This post is hard for me to write. Although I’m pretty open about my emotions, struggles, etc., we have a rule in our home that you don’t talk about “the parts of your body that are covered by your bathing suit” with strangers, and that’s a rule that I pretty much stick to myself as well!
You may be wondering why — if I’m so uncomfortable with having this conversation in public — I’m still posting about it.
Well, it all started 5 years or so ago. I was an active member of the Sonlight homeschooling forums, and there were a fair number of crunchy members in that community. Every once in a while, the topic of alternative feminine care products would come up and someone would talk about how much they loved the DivaCup.
I was intrigued, but I pretty much just moved on each time, for a number of reasons. One was the cost. I just couldn’t see spending $25-30 for something I might not even like (further evidence of my cheapness). The other was that, quite frankly, it sounded messy.
I couldn’t wrap my head around using a menstrual cup, and since I was pretty much pregnant or nursing for 7 years, it wasn’t like I was spending too much time worrying about my monthly cycle anyway.
Last fall our weaned our youngest daughter, and at this point we’re pretty much done having babies, so I began thinking about it a lot more.
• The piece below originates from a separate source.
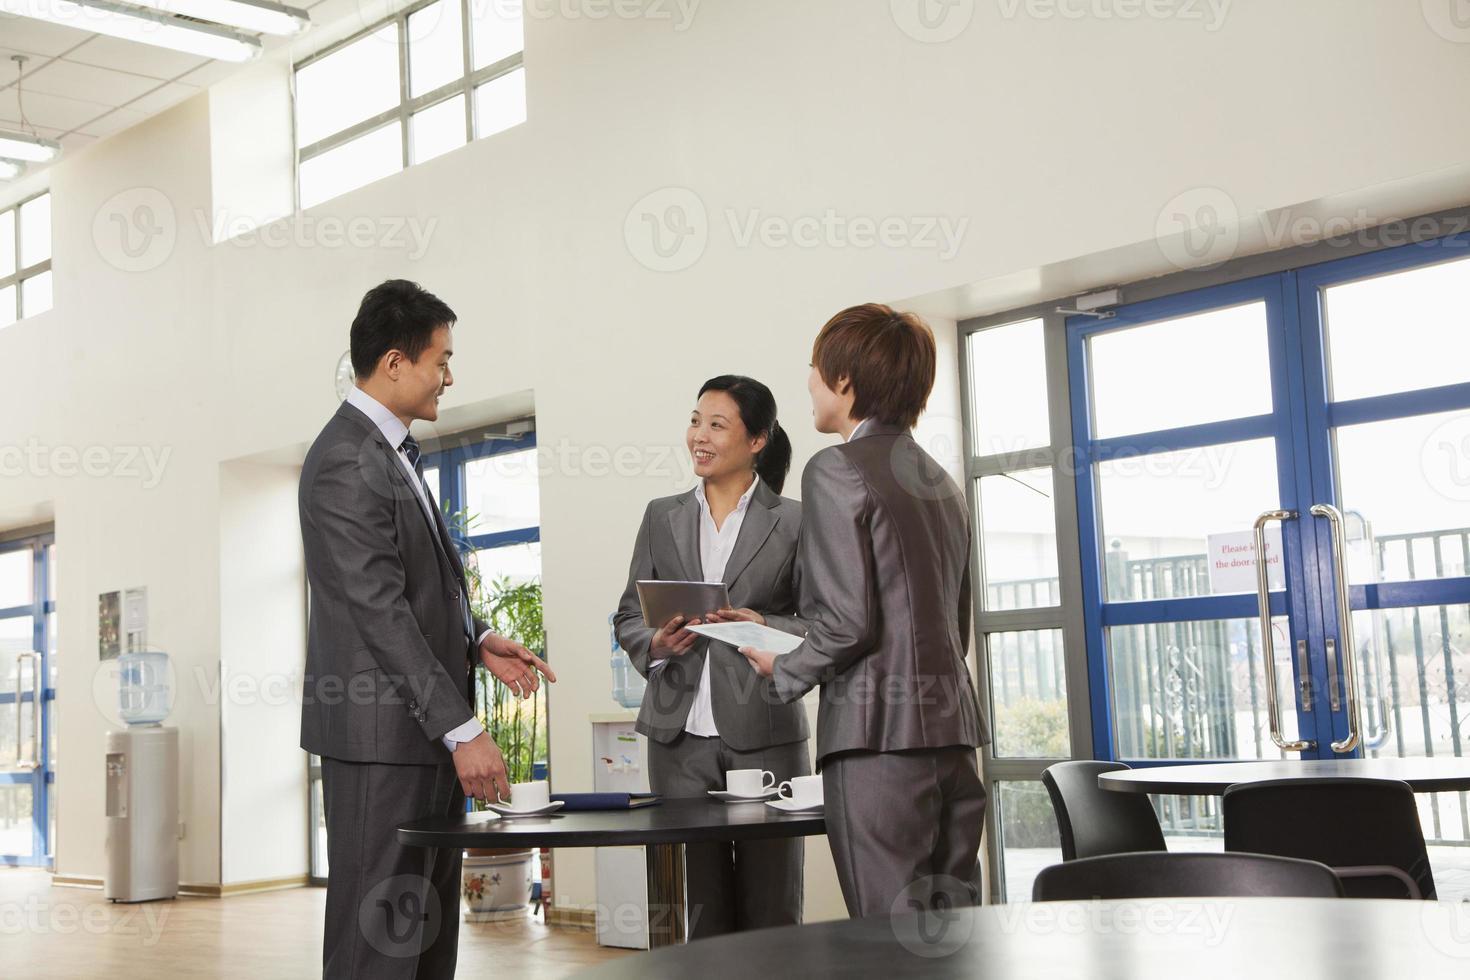 tre uomini d'affari riuniti nella mensa aziendale foto

Not only was I counting the cost of every tampon I used, but I couldn’t stand the thought of flushing them into our septic system or throwing them in the trash. We’re trying to reduce the amount of waste we produce, and since I knew there was a no-waste alternative, I really felt guilty every time.
So what are the alternatives to traditional feminine care products? There are a couple…
The first alternative to disposable feminine care products is reusable cloth pads. For families who cloth diaper anyway, it’s super easy to add cloth pads to your diaper pail, but even families without babies find that it’s easy to launder reusable cloth pads. You can purchase them from a variety of sources, including Etsy, or make your own. Cloth pads are less expensive, produce less waste and contain fewer chemicals than their disposable counterparts. Many people report less odor and fewer skin rashes when compared with disposable pads as well.
Cloth rags and pads have been used throughout the history of humankind, so it could be argued that this is simplest and most natural way to go.
I have a set of cloth pads that I purchased after the birth of our third daughter, but I don’t really like using menstrual pads in general, so I haven’t used them too much other than for postpartum bleeding.
On the other hand, the DivaCup, which I had heard so much about from various online friends, is a menstrual cup that is inserted like a tampon but actually catches — rather than absorbs — menstrual blood. You can then empty the cup, wash it and reinsert it, eliminating the waste.
I finally gave in a bought a DivaCup a few months ago(now more than a year ago), and to say I’m an enthusiastic customer is an understatement. I truly regret waiting this long to purchase it because it has made my monthly menstruation so much, well, simpler.
Here are just a few of the benefits:
- No leakage. Once I figured out how to properly insert it and make sure it formed a proper seal, I have not experienced any leakage. At all.
- There’s no more trying to figure out the best size tampon to use for my current flow. I use the same DivaCup throughout my entire cycle.
- I don’t have to find a bathroom every 4-6 hours to change my tampon. The DivaCup should be emptied once every 12 hours. First thing in the morning and evening are both extremely convenient times to do it.
- There is no odor. According to the DivaCup website, menstrual odor is caused by the oxidation of blood. Because the cup catches the menstrual flow within a tight seal, there is literally no odor at all.
- There is no mess. I know it’s hard to believe, but there is truly no mess once you get the hang of it (which for me took only a few tries). There’s no blood on the outside of the cup, so you dump it, wash it and reinsert it. Of course you still need to wash your hands both before and after, but it’s not a messy process at all.
- It’s a green AND frugal alternative. DivaCup recommends replacing your cup once a year (or so…) depending on usage and wear, but that’s certainly much less waste than using dozens of tampons a month. $20-25 is nothing compared to the cost of menstrual products. And you also eliminate the need to store additional supplies. (I have yet to replace mine. It still works just as well as when I purchased it, and I don’t see any indication that it needs to be replaced.)
I don’t exactly look forward to my period each month, but I don’t dread it anymore either!
Have you tried alternatives to disposable feminine care products? If not, what’s holding you back?